A 2005 research study in the Journal of Complementary and Alternative Medicine is entitled “Gut feelings, intuition, and emotions: an exploratory study”. It had as its purpose “to investigate whether the gut feelings of one person, as measured with an electrogastrogram (EGG), respond to the emotions of a distant person”.
And concluded not only that this was so. But that “Relationships commonly reported between gut feelings and intuitive hunches may share a common, poorly understood, perceptive origin”.

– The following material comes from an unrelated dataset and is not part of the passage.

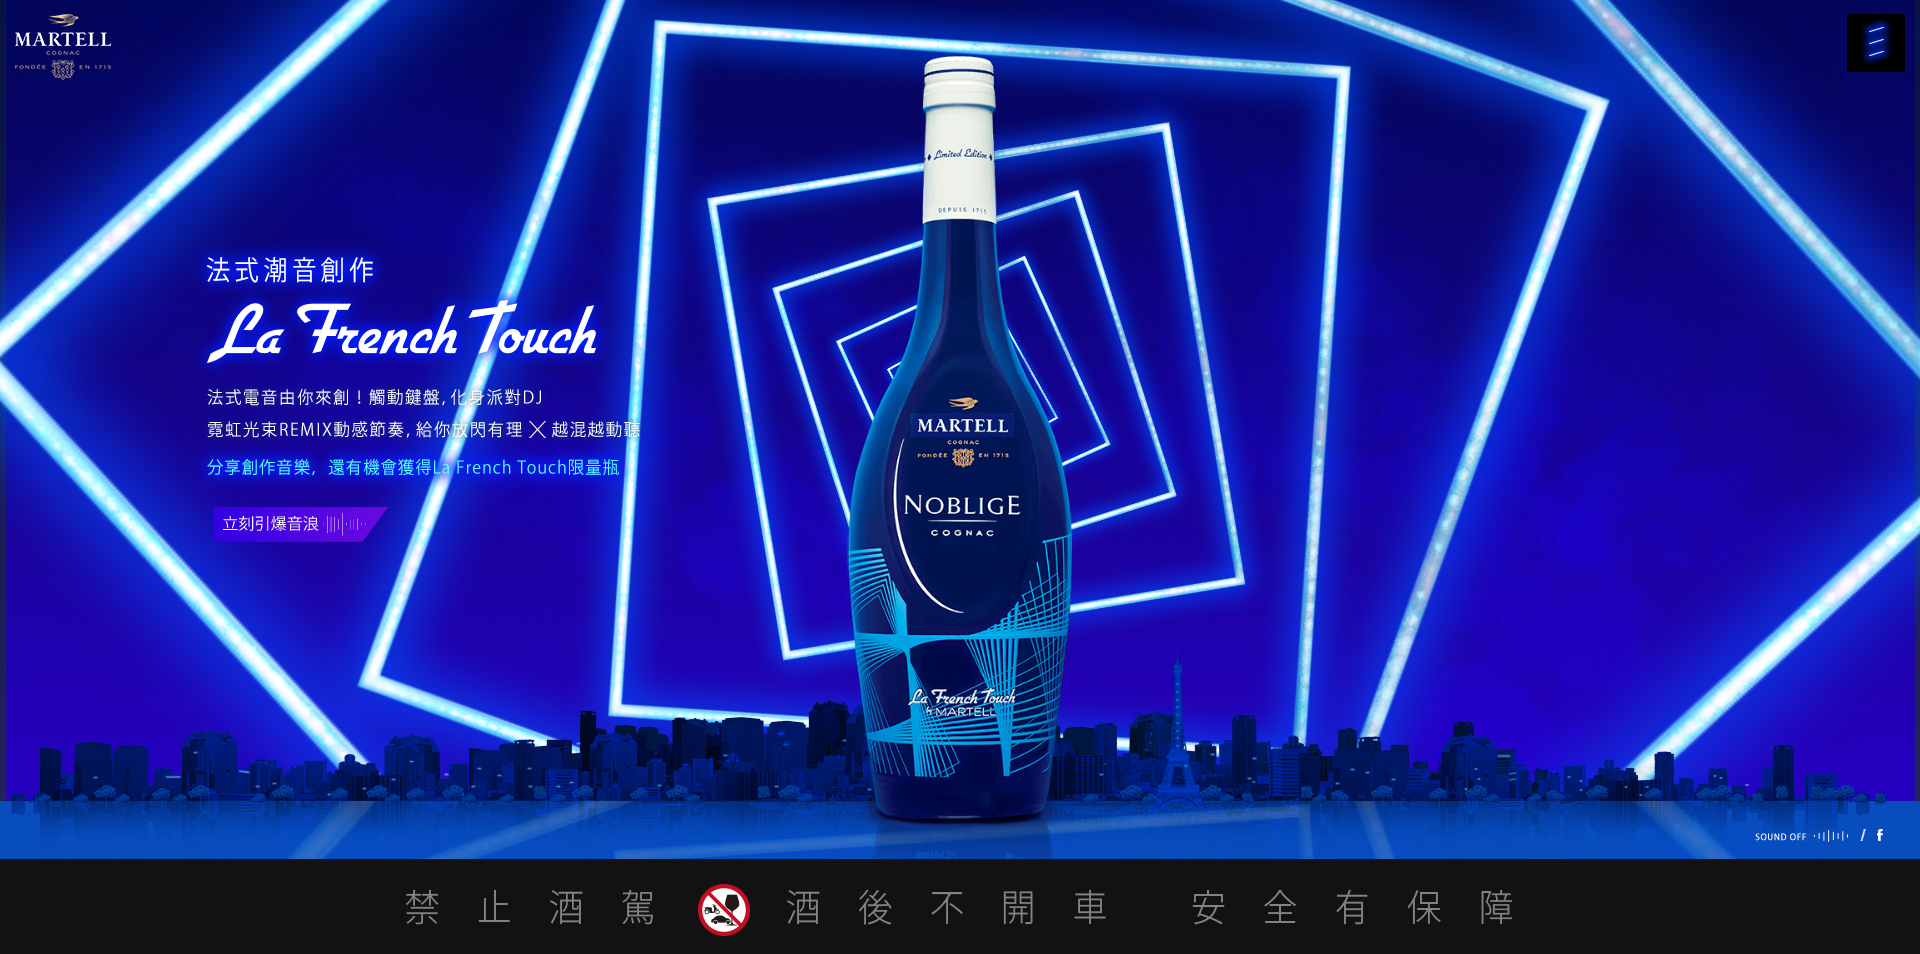  Martell-La French Touch image

Not only that, 80-90% of the nerve fibers of the vagus nerve (the longest nerve of the body which interfaces with the parasympathetic [rest-and-digest] control of the heart, lungs, and digestive tract) are responsible for constantly signaling the state of your viscera about to your brain in the form of gut feelings.
When I acted, my best work was when I got out of my head and just trusted. Once, I remember almost leaving my body and watching me perform below. Did my gut, instinct, and gut-brain take over? My intuition tells me so …
Your Immunity Supports all Three
Nature isn’t stupid. And it’s uncannily organized … even in the midst of what seems like chaos.
Is it just a coincidence that most of the immune system resides in the gut? I think not!
And that the gut and its link to the brain are like a feedback loop to the breadth and depth of our emotions. I ALSO think not!
And that stress and lack of self-care in its many aspects lay waste to your gut and … with it … your immune system, intuition, and emotions. And make you then more susceptible to both mental and physical maladies? Well … you know what my answer will be …
We know that the gut houses most of the immune system. And that its breakdown may cause stuff to leak into the bloodstream that will activate the immune system.
And, at some point, cause it to go a bit nuts and attack your own tissues. But … because of the diagnosis medical model, as one recent study said, we’ve looked at these things … stress, gut, immunity, brain … all individually.
So it’s time now … possibly in light of all this … that we begin to see everything as interconnected. As the same study encouraged an, “understanding [of] the important role the gut microbiome plays in the modulation of social and affective behaviors, as well as some of the intricate mechanisms by which the microbiome may be communicating with the brain and immune system”.
I think that (and this) says it all …
There are receptors to these molecules in your immune system, in your gut and in your heart. So when you say, ‘I have a gut feeling’ or ‘my heart is sad’ or ‘I am bursting with joy,’ you’re not speaking metaphorically. You’re speaking literally.